I am developing a React App (This is not important, because what I am going to explain can happen in other situations as well.)

I have three asynchronous functions, let's call them func1 and func2, and func3 and this is how they look. This is the general pattern of these functions.

const func1 = async ()=>{
    try {
        // do something
        const resultForFunc2 = // the end result of doing something that is going to be used in func2
        return {statusCode: 200, body: resultForFunc2, error: null}
    } catch(err) {
        console.log("Error in executing func1", err)
        return {statusCode: 400, body: null, error: err}
    }
}

Now the way these functions are called is that func1 returns a value that is used in func2 and func2 returns a value that is used in func3.

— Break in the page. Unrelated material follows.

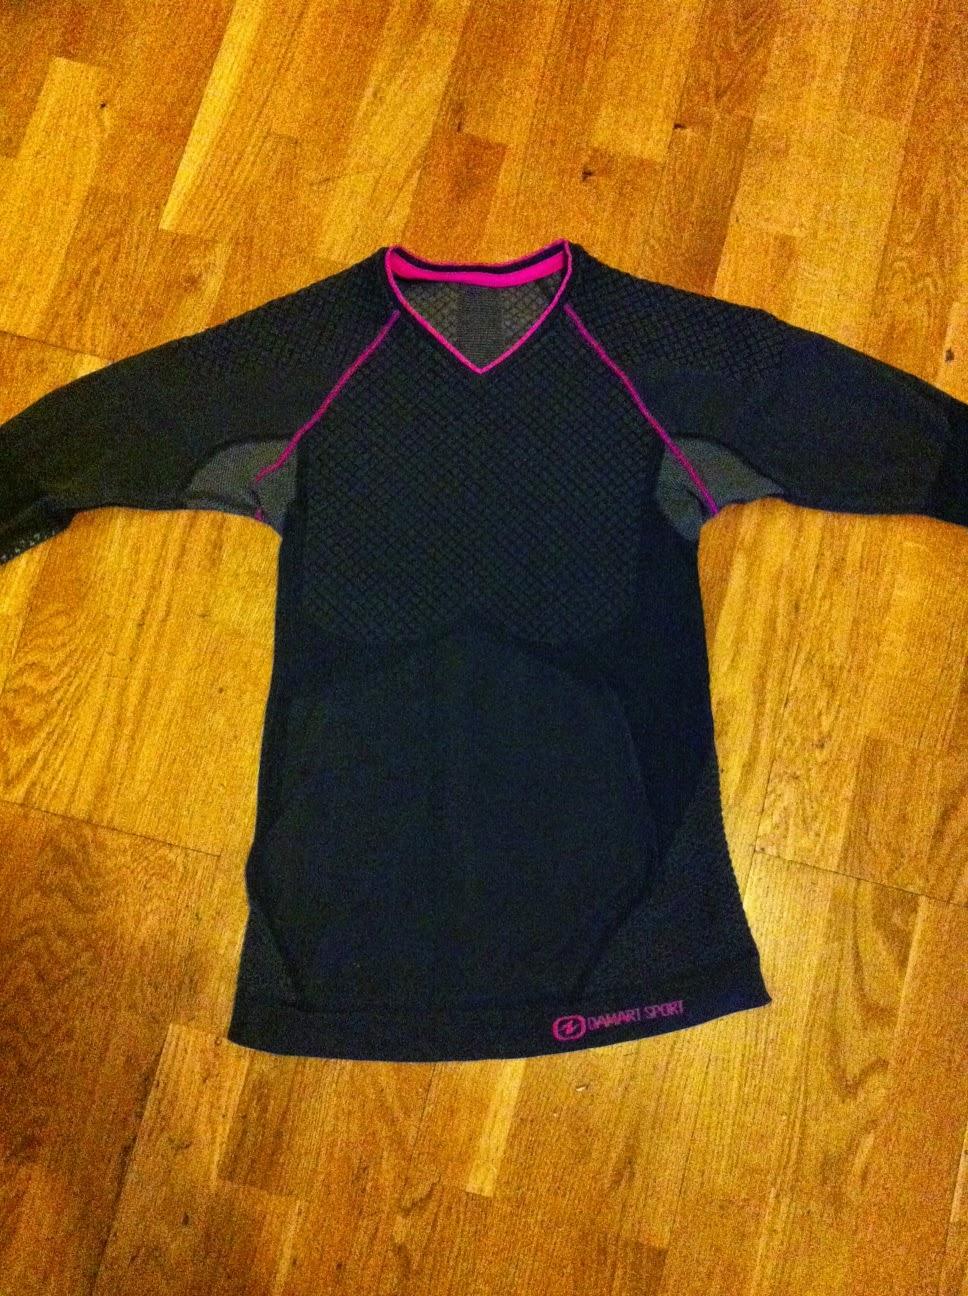 j 39 ai test le t shirt activ body damart sport jeu. Black Bedroom Furniture Sets. Home Design Ideas

So this is how I call them:

const all = async () => {
  const response1 = await func1();
  if (response.statusCode === 200) {
      const response2 = await func2(response1);
      if (response2.statusCode === 200) {
          const response3 = await func3(response2);
          if (response3.statusCode === 200) {
              return { statusCode: 200, body: response3.body, error: null };
          } else {
              return { statusCode: 400, error: response3.error, body: null };
          }
      } else {
        return { statusCode: 400, error: response2.error, body: null };
      } 
  } else {
      return { statusCode: 400, error: response.error, body: null };
  }
}
 

This works for me because I call the above all function in a React component, in a useEffect() for example, and whenever I get a 400 statusCode I set an error state variable to true and then display an error screen (I came up with this idea, so feel free to criticize it, I appreciate it actually). But the bad thing is that I have so many nested ifs that make the code ugly, dirty, and hard to read and debug. Does anyone have an idea how I can get the benefits of the above code block, without using nested ifs. Thank you.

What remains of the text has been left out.